Eryngium constancei
- Conservation status: Critically Imperiled (NatureServe)

Scientific classification
- Kingdom: Plantae
- Clade: Tracheophytes
- Clade: Angiosperms
- Clade: Eudicots
- Clade: Asterids
- Order: Apiales
- Family: Apiaceae
- Genus: Eryngium
- Species: E. constancei
- Binomial name: Eryngium constancei Y.Sheikh

= Eryngium constancei =

- Genus: Eryngium
- Species: constancei
- Authority: Y.Sheikh
- Conservation status: G1

Species of flowering plant in the celery family

Eryngium constancei is a species of flowering plant in the family Apiaceae known by the common name Loch Lomond button celery, or Loch Lomond coyote thistle. It is endemic to California, where it is known from only three occurrences north of the San Francisco Bay Area. One of the populations is at the Loch Lomond Vernal Pool Ecological Reserve at Loch Lomond in Lake County. The plant appears mainly in vernal pools. It is endangered on the state and federal levels.

==Description==
This is a hairy, somewhat fleshy, perennial herb growing branching stems 20 to 30 cm in height. Dark green, narrowly spade-shaped leaves grow on long petioles and may grow erect with the stems or lie flat along the ground. They may have smooth to toothed to sharply serrated edges.

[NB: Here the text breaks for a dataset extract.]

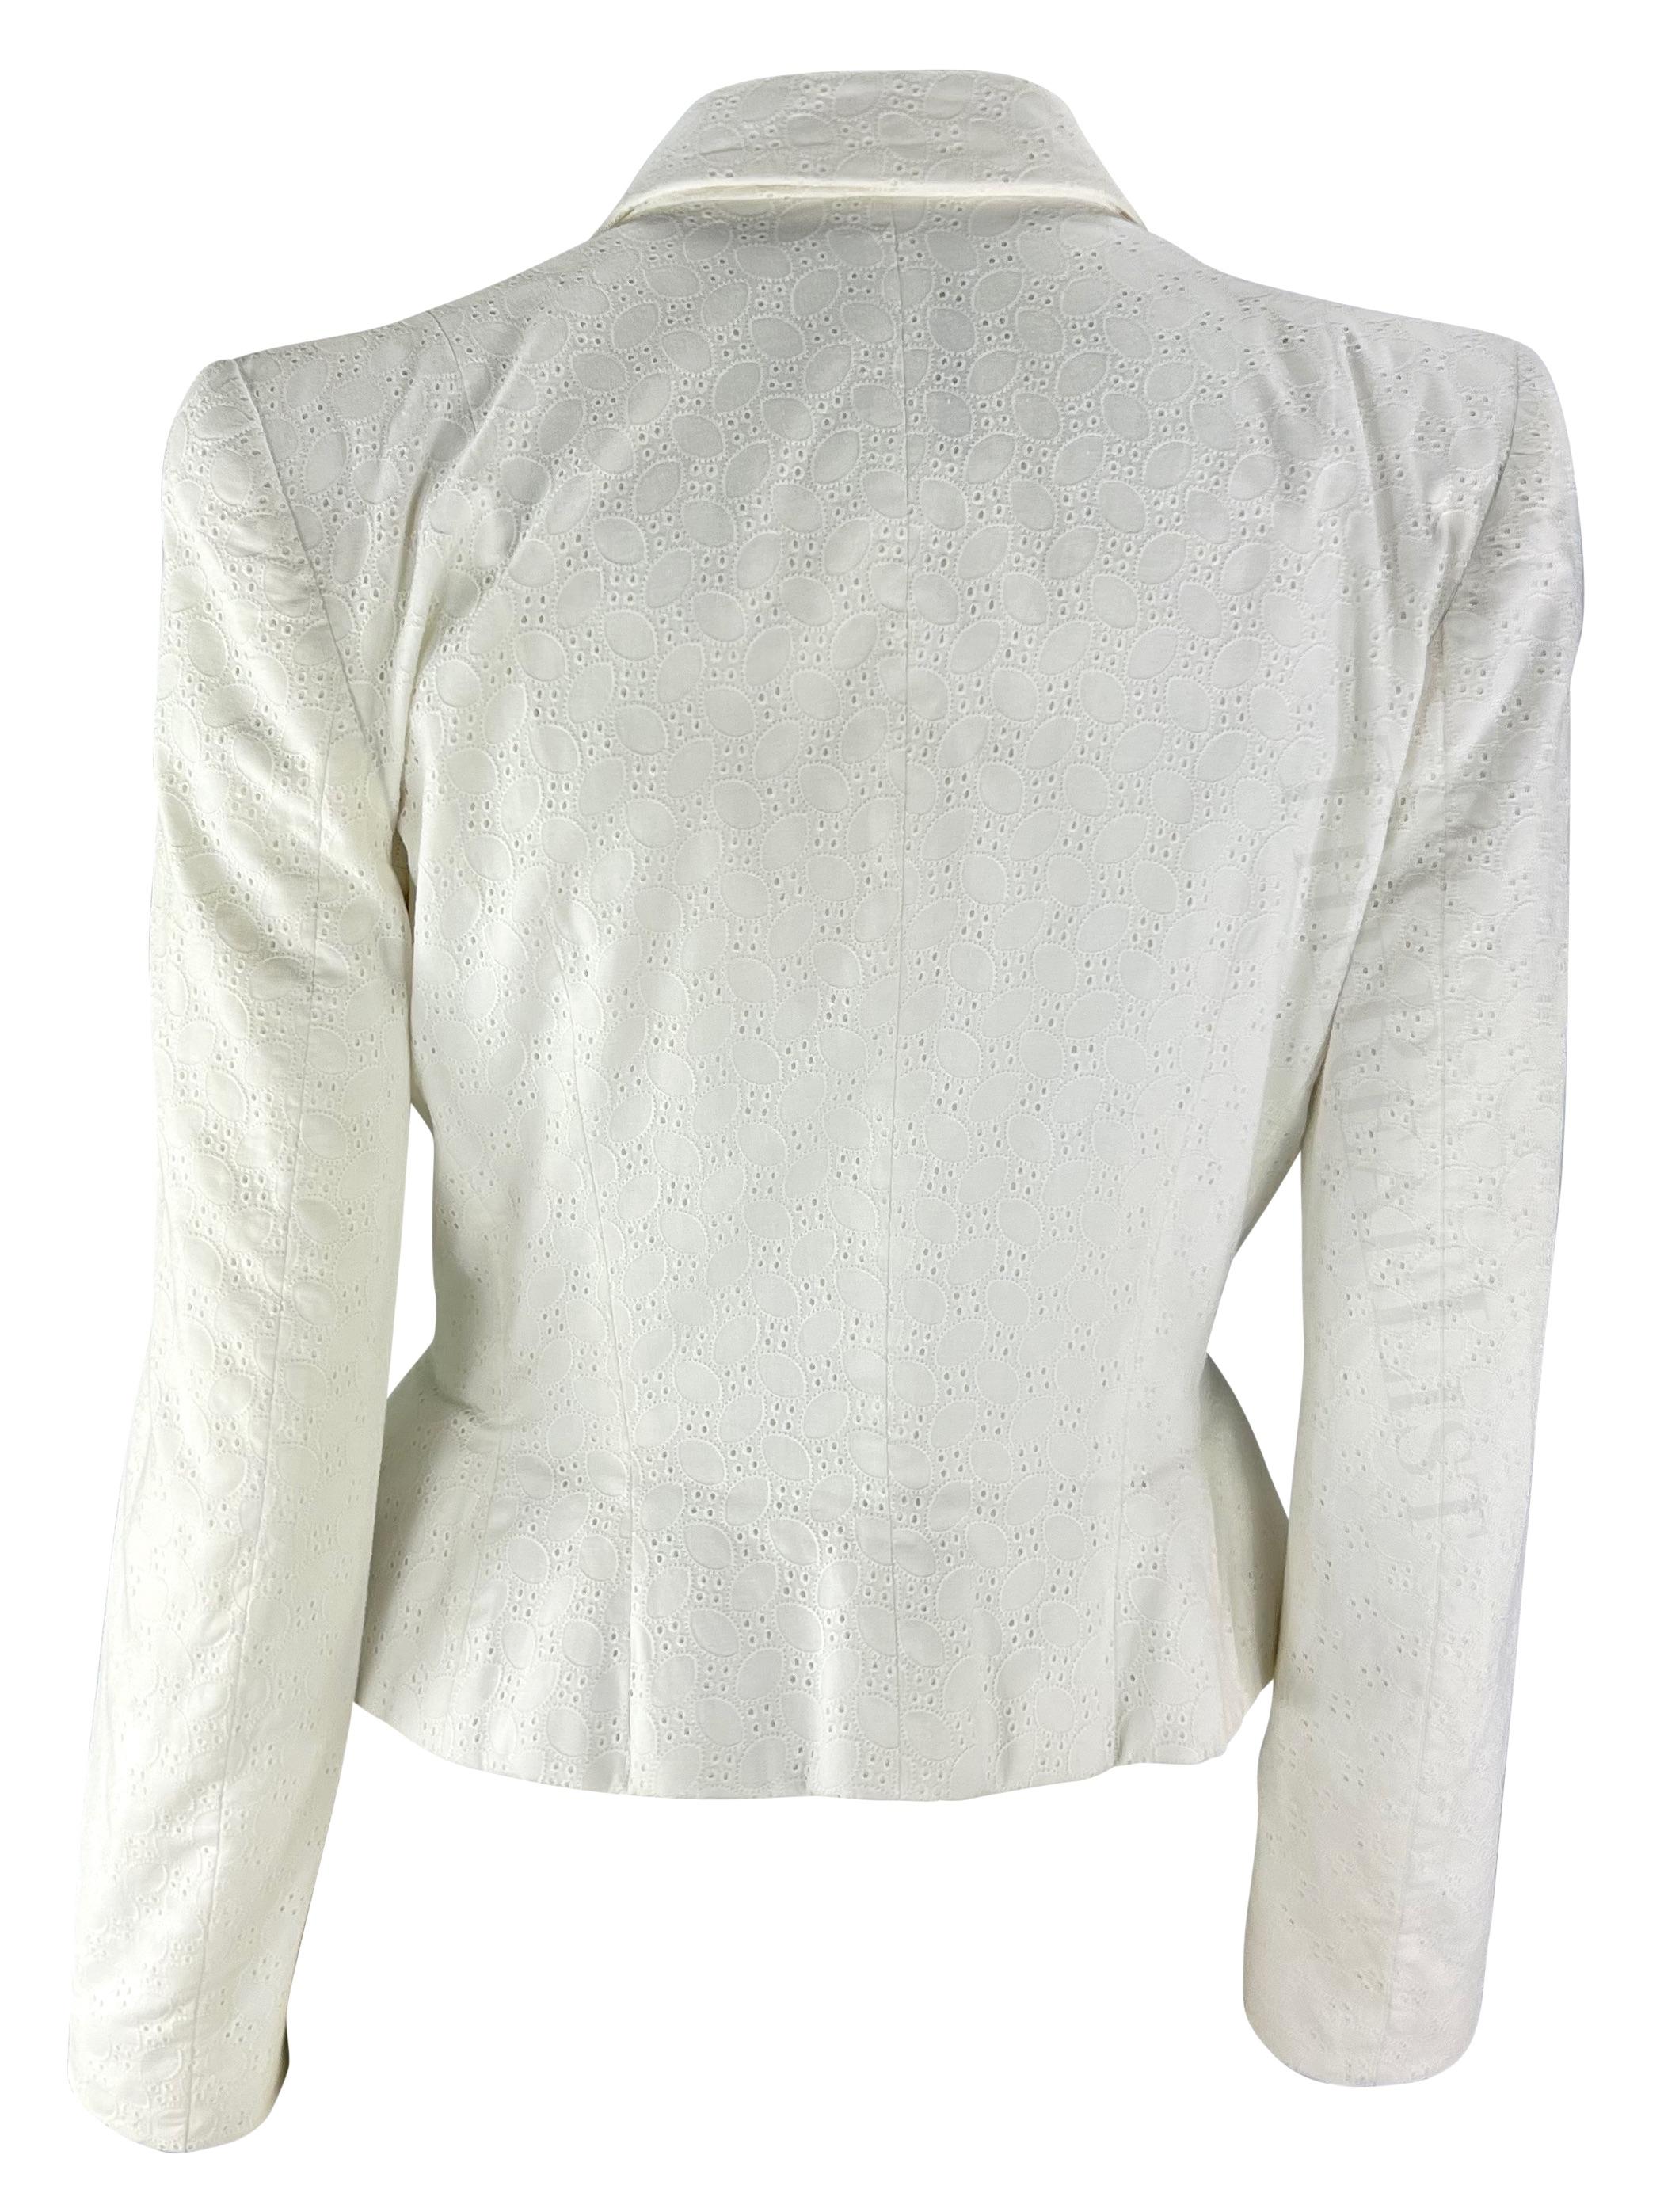 S/S 1996 John Galliano Paris Broderie Anglaise Ballet Peplum White Jacket Blazer For Sale 1

Flower heads are less than a centimeter wide with a few longer, straight, sharp bracts around the base. The tiny flowers packed into the rounded head are generally white. This plant is threatened by destruction of its fragile vernal pool habitat by a number of causes, including sediment-rich runoff into the pools from logging activity, erosion, development, and off-road vehicles.